Measuring usability for assistive technology users
As companies build and mature their accessibility programs, we often see common themes materialize. After a team builds accessibility into their development cycle and addresses their backlog of WCAG issues, the focus shifts to user experience. Companies consider “do AT users like our product” and how “does the UX compare to the rest of our users”?
In hindsight, “time to complete a task” was the least meaningful metric that we found in our efforts to measure user experience at Fable. The time it takes for an AT user to complete a task can be a valuable datapoint at the individual level but loses utility in aggregate. The problem is with averaging and comparing. Comparing an expert JAWS user to a novice Dragon NaturallySpeaking user is not meaningful. When looking at data related to the time to complete a task, the likelihood of misinterpretation increases. These experiences are fundamentally different.
Build on something that works
The System Usability Scale (SUS) was developed in 1986 by John Brooke. It’s one of many psychometrically designed surveys, though it is unique both in that it remains popular and has been consistently used by organizations for decades. John Brooke’s objective with the System Usability Scale was to take a quick snapshot of people’s satisfaction when using systems, or what we’d commonly refer to today as digital products like apps and websites.
The context is different for an AT user
The SUS consists of ten statements to be responded to on a Likert scale, which is multiple choice with options ranging from ‘Strongly Disagree’ to ‘Strongly Agree’.
One of the questions in the SUS survey is, “I think that I would need the support of a technical person to be able to use this system.” Imagine a screen reader user was going through a sign-up form that required them to draw their signature. In this case, the user likely requires assistance not from a technical person, but another person who doesn’t rely on a screen reader themselves.
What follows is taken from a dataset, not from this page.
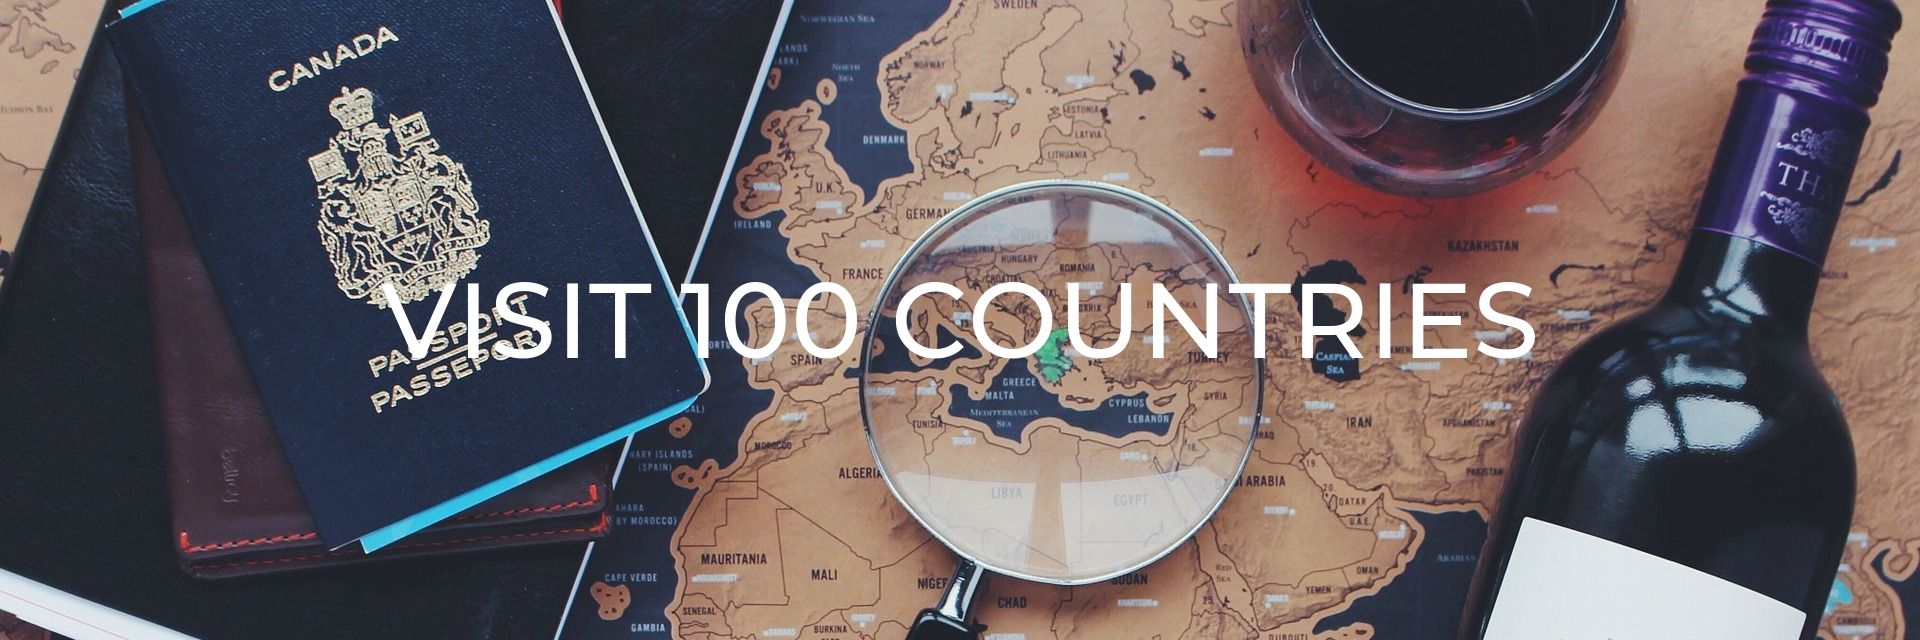 Visit 100 Countries Mobile Header

Another question is, “I would imagine that most people would learn to use this system very quickly.” In this case, assistive technology users are highly aware that their experiences are unlike most users.
By adapting the SUS questions to relate to the context of an assistive technology user more meaningfully, we can similarly quantify and measure the perceived usability of digital products for assistive technology users. Now, the framework can still measure usability issues, but can do so for those who are impacted by accessibility issues.